Today’s Topic: Business Strategy Development
Henry Mintzberg once said, “We can’t know anything about the future because it hasn’t happened yet.” Given the unpredictable nature of the future, many corporations are faced with serious dilemmas concerning their strategic planning. However, corporations must not give up on forecasting and thereby leave strategy to chance. People, just like corporations, need a clear direction in order to maximize their potential. Therefore, many successful corporations operate under the fundamental thesis that it is indeed possible to plan your way to long term success.
However, forward planning is fraught with risks. Many corporations look for trends in the past with expectation that they will continue on into the future. Extrapolation of previous conditions can be useful in formulating strategy. Nevertheless, basing all decisions on the past is like walking through the world with blinders on. Corporations must take into account the changes in the business environment if they wish to be sustainable.
In order to reduce the risk of strategic planning, many firms have come to rely on two models of thought. The Planning School model consists of step by step procedures for planning and evaluating performance. The first step in the planning school model is to develop the concept of a Corporate Mission. This is a general statement that can include basic information about the corporation. In this statement firms can stipulate the exact industry they wish to operate in. They can clarify what products and services they will offer. They can also establish an ethical framework for the corporation.

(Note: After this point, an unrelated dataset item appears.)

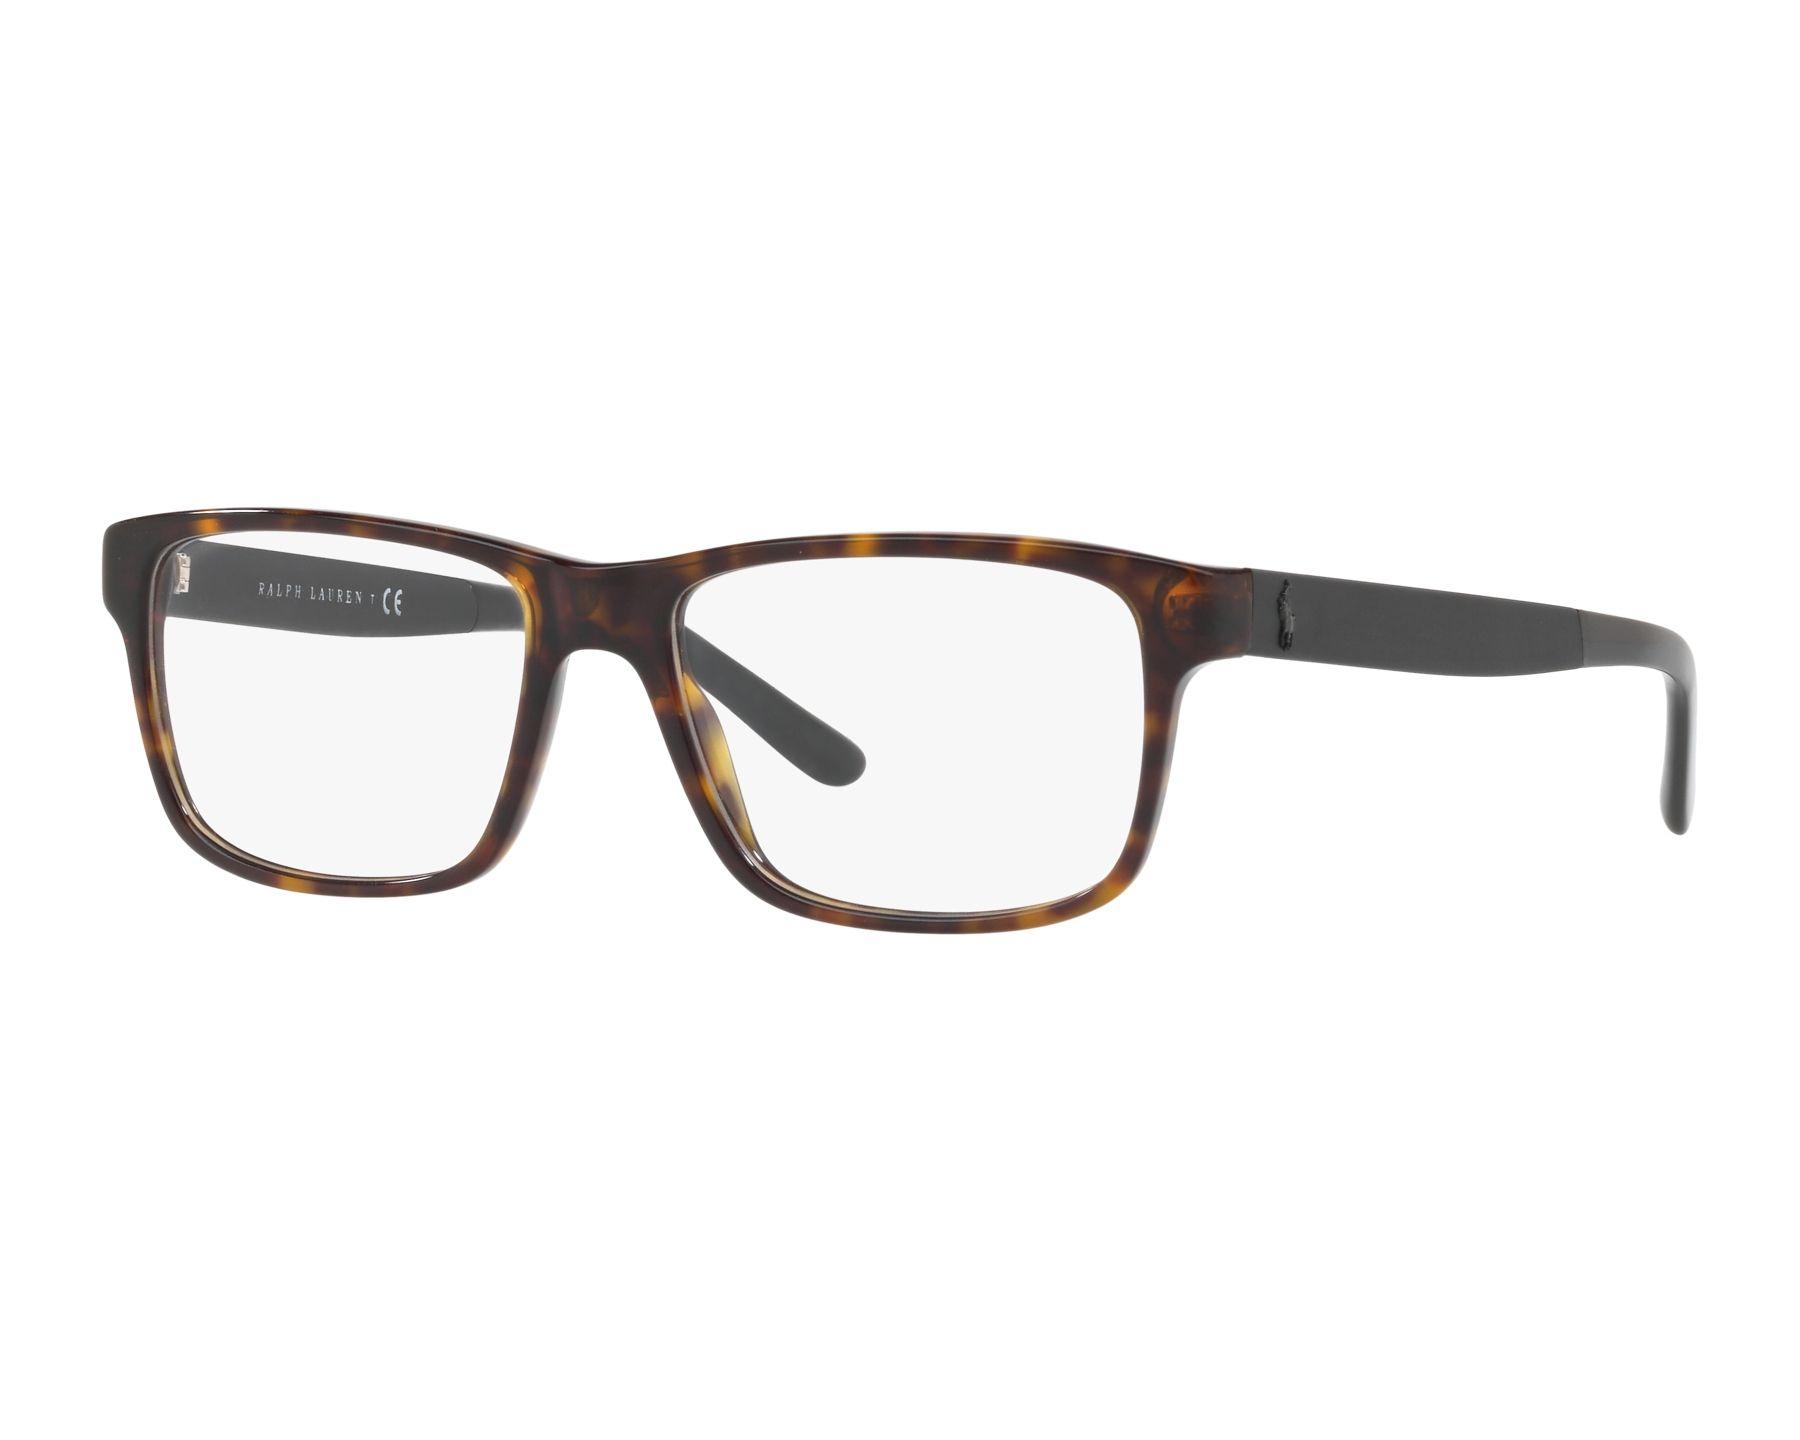 bd0d72ba67 Gafas Graduadas Polo Ralph Lauren PH-2181 5666 53-17 Havana Gris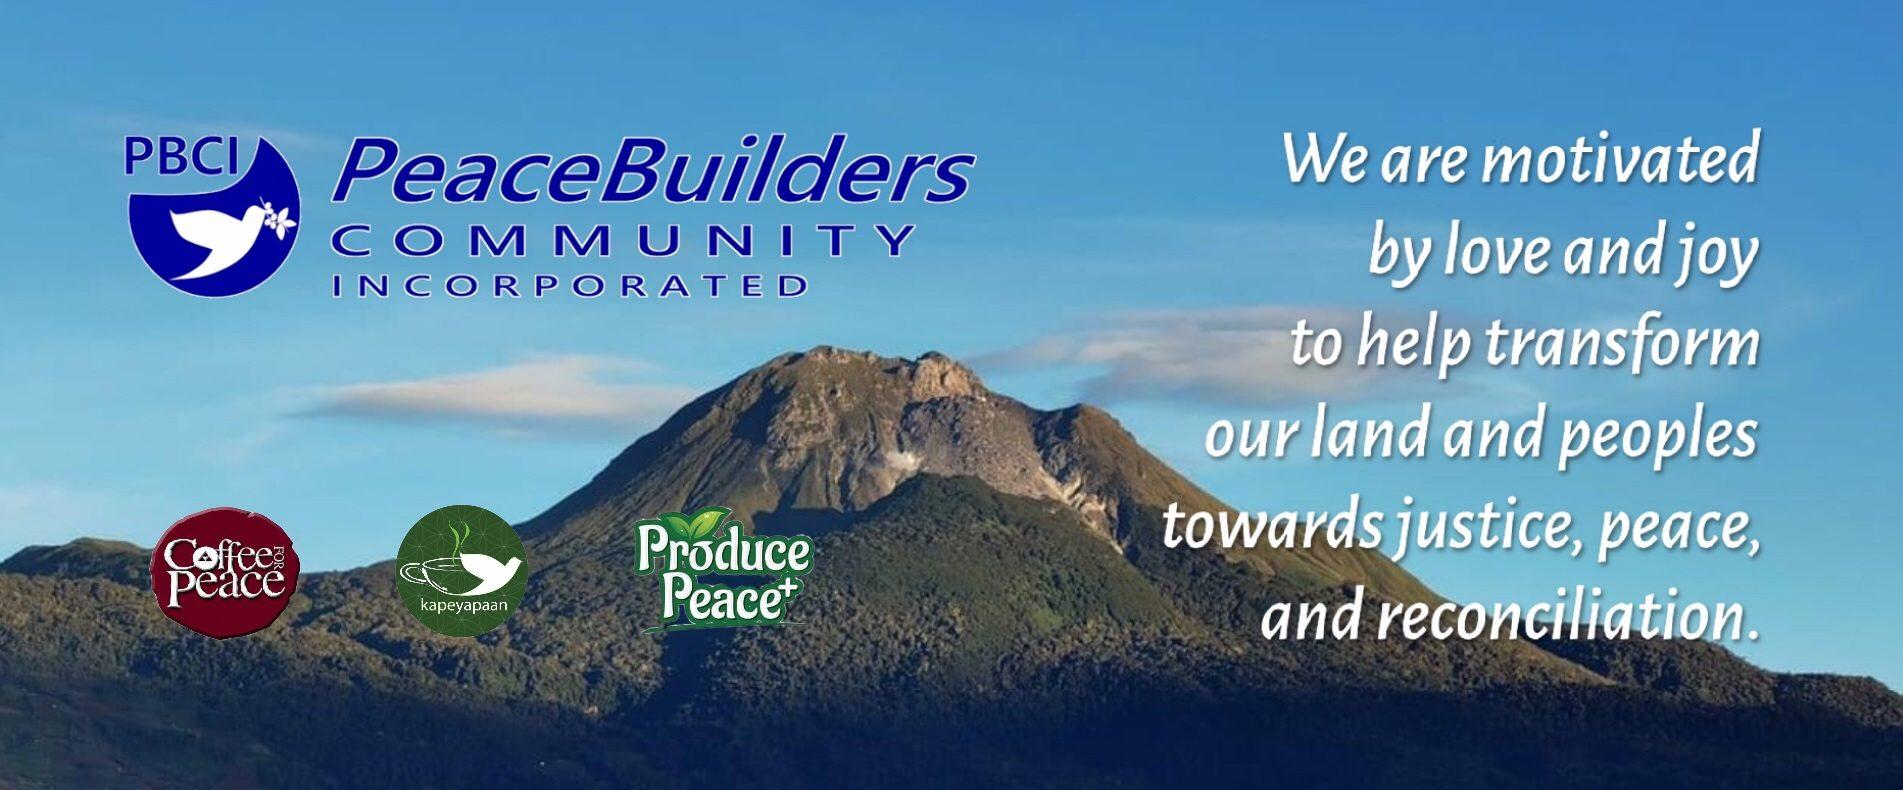 PeaceBuilders Community, Inc.

The second step is to Develop Goals. These goals are more specific and intensive than the mission statement. Goals must be both quantifiable and realistic. For example, corporations can stipulate the level of market share they wish to have in their given industry. They can also set quotas for profits and Rate of Return. Clear, concise goals are critical to the development of the firm. The Third step is to Develop Plans and Strategies. This is the roadmap to the achievement of the firms’ goals. The fourth step consists of implementation of policy and procedures that will follow strategies to meet goals. Lastly, each corporation must evaluate their performance with a focus on achievement of goals. Upon evaluation, corporations will begin the process once more to fix possible shortcomings.
There are several impediments to the planning school approach. For example, corporations that have been in business for a while may have trouble implementing changes. These firms must take into account what is; namely, how their infrastructure is set up. Firms must take into account that previous strategies may have allocated resources in a fashion that is inconsistent with new goals. Therefore, disengaging these resources to pursue a new strategy may not be cost effective. Consequently, corporations must find a commonality between what “is” and where they wish to go.
Another approach to developing strategy is the learning school approach. The learning school takes into account both intended and emergent strategies. A corporation begins with intended strategies. After implementation these strategies become deliberate strategies. However, through everyday interactions with the business environment corporations may be presented with emergent strategies. By combining deliberate and emergent strategies the corporation can obtain realized strategies. This school of planning understands that flexibility is critical to continued success. Sometimes strategies are just born and corporations can learn from them.
While both of these strategies have great potential for increasing the effectiveness of future planning, perhaps a multi-faceted approach is the best. By combining the school, corporations can get the best of both worlds. They can have the structure of the planning school in addition to the flexibility of the learning school.
In order for corporations to be sustainable they must plan for the future. They must have a clear vision of where they are going and what it will take to get there. Through the process of strategic management corporations can allocate scarce resources to ensure a successful future.